Team:Tuebingen/Project/Safety
From 2014.igem.org
General Safety and Bio-Safety
Would any of your project ideas raise safety issues in terms of: researcher safety, public safety, or environmental safety?
All experiments performed in our lab are supervised by either PhDs or professors that are currently working at the Inferfaculty Institute of Biochemistry. Their expertise reaches from genetics over molecular biology to structural biology. In case of questions concerning the handling of chemicals, devices, or biosafety the supervisors were always available. The procedures used in our lab were conducted based on protocols that are well-established throughout the scientific world and were performed in a biosafety level 1 laboratory, as requested by German law ("Gesetz zur Regelung der Gentechnik (GenTG)" [law for the regulation of genetic engineering]). In order to enable replicability and to avoid repetitive errors, all experiments done in the lab are documented in a common lab notebook that was handed to Professor Dr. Ralf-Peter Jansen at the end of each week.
Joining regular briefings concerning lab safety is an essential element of our education at the University of Tuebingen. In addition, Professor Dr. Jansen gave a special talk about biosafety to all members of our team.
Since the E. coli strains used within our project were specifically optimized to not carry out any pathogenic, toxicogenic, or colonising activities and due to the harmless nature of our parts we do not foresee any security concerns in the event of the realization of our project. Furthermore, a main part of the experiments done in our lab is based on the use of purified proteins, thereby minimizing the risk of any contaminations with genetically modified organisms. There is no reported harmful activity of the proteins used in our studies, namely the a-N-Acetylgalactosaminidase, a-Galactosidase and the Endo-ß-Galactosidase. These proteins originate from the organisms Elizabethkingia meningoseptica, Bacterioides fragilis and Clostridium perfringens, respectively. Since synthesized sequences were used for cloning of all of the proteins, aspects of biosafety regarding the original organisms did not have to be considered for our work.
Although the product of our application is thought to be used in public, the procedure of antigen-hydrolyzation will be carried out in a laboratory environment.
Do any of the new BioBrick parts (or devices) that you made this year raise any safety issues?
The organisms our parts originate from are classified as risk group 2 organisms, but we used gene synthesis to acquire the parts of our interest and did not handle the organisms themselves. Furthermore, our lab work was mainly based on purified proteins, thereby minimizing the risk of any contaminations with genetically modified organisms.

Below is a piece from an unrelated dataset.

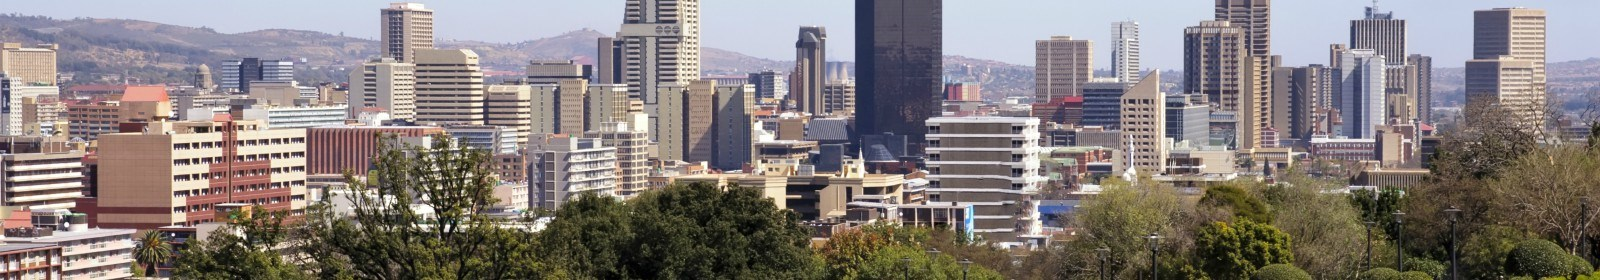 Estate living in Centurion and Pretoria East
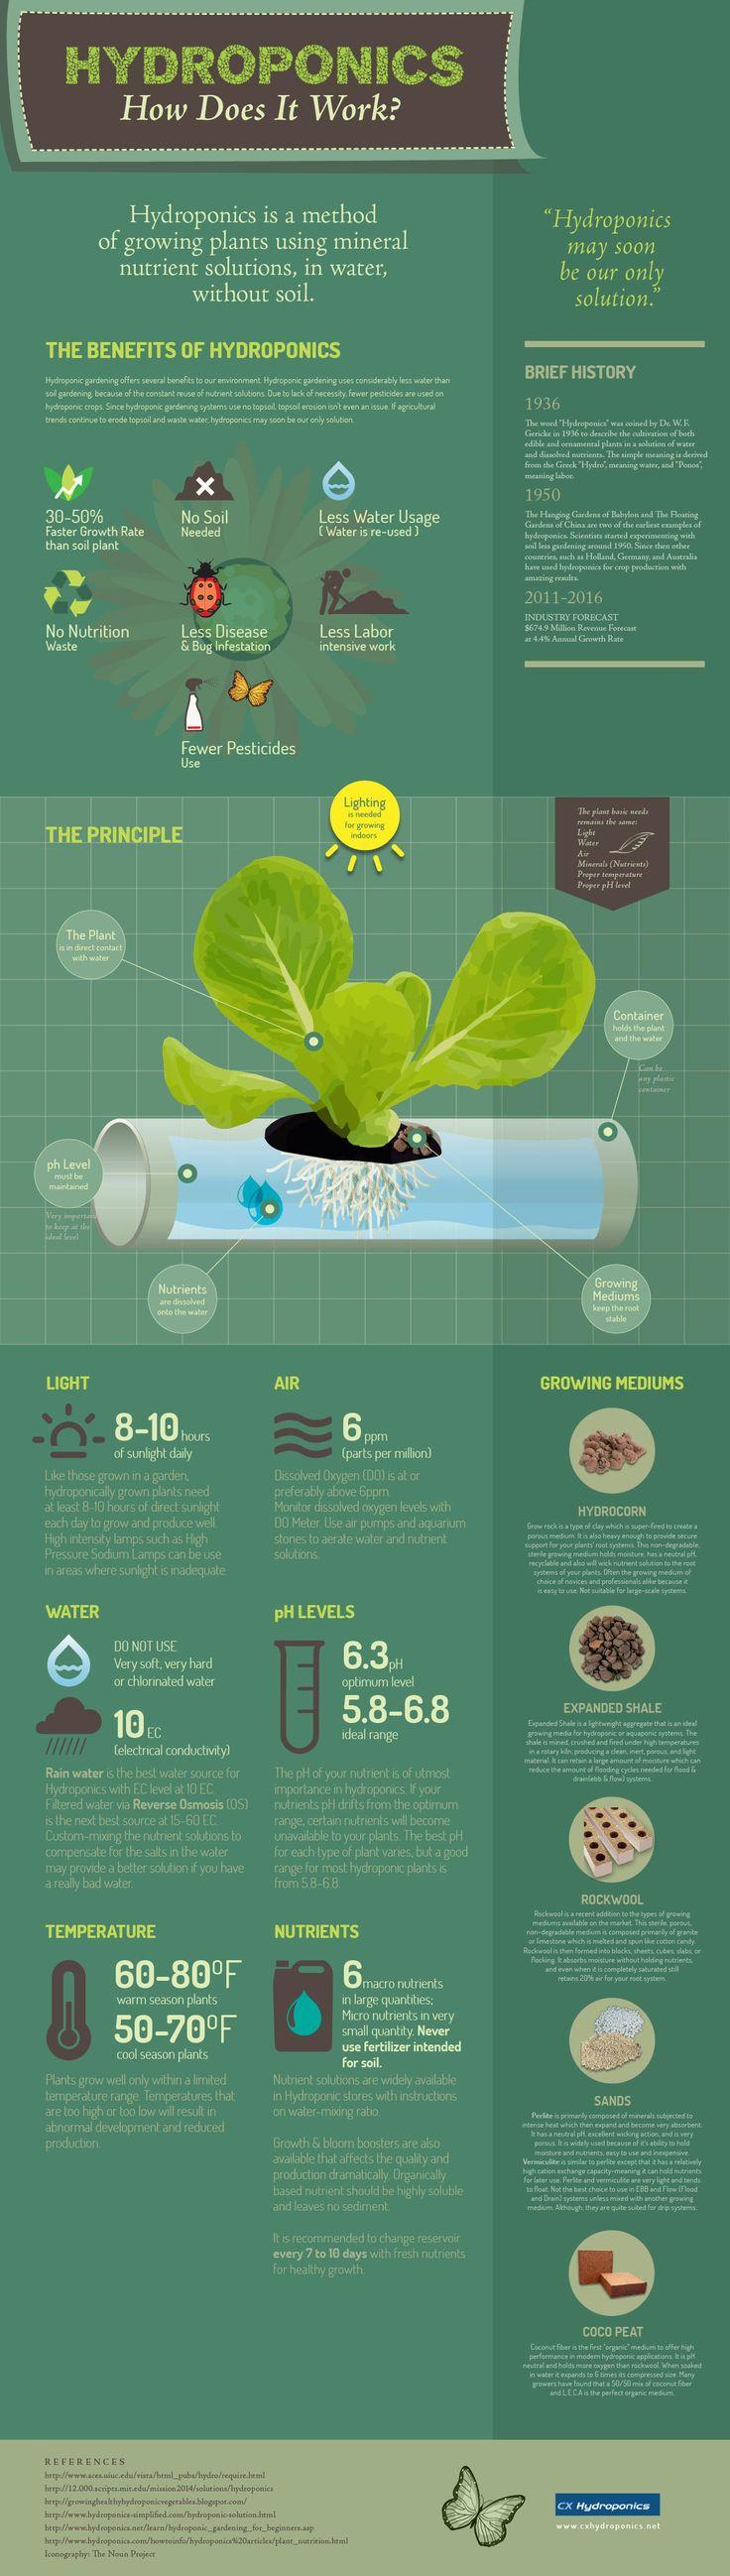 25 best ideas about vertical hydroponics on pinterest for Idea untuk garden

All of the parts we use are not known to have any harmful effect on humans or other organisms.
Which specific biosafety rules or guidelines do you have to consider in your country?
In Germany any work with genetically modified organisms is regulated by the "Gentechnikgesetz". There are different biosafety levels ranging from 1 to 4. Our lab has been registered as biosafety level 1. Our work matches the definition of level 1 since based on our current understanding we see no threats on human health or the environment originating from our work. Genetically modified organisms are allowed to be released into nature only after permission of the Umweltministerium (Department of the Environment) and once freed they need to be monitored constantly.
Do you have any other ideas how to deal with safety issues that could be useful for future iGEM competitions? How could parts, devices and systems be made even safer through biosafety engineering?
Parts that are able to induce apoptosis or autolyis could be expressed under promoters that are activated in the context of specific environmental effectors. A huge amount of examples for these so-called kill-switches was designed by the iGem community and is now available in the registry (see for example 2011's team of UCL London and the 2013 BGU Israel's iGEM-team). By using a standard vector for the chromosomal integration of biobricked parts into E. coli as previously described (Zucca, Susanna, et al. "A standard vector for the chromosomal integration and characterization of BioBrick™ parts in Escherichia coli." Journal of biological engineering 7.1 (2013): 12.) a new iGem-generated strain of bacteria could be designed that stably expresses a kill-switch mechanism.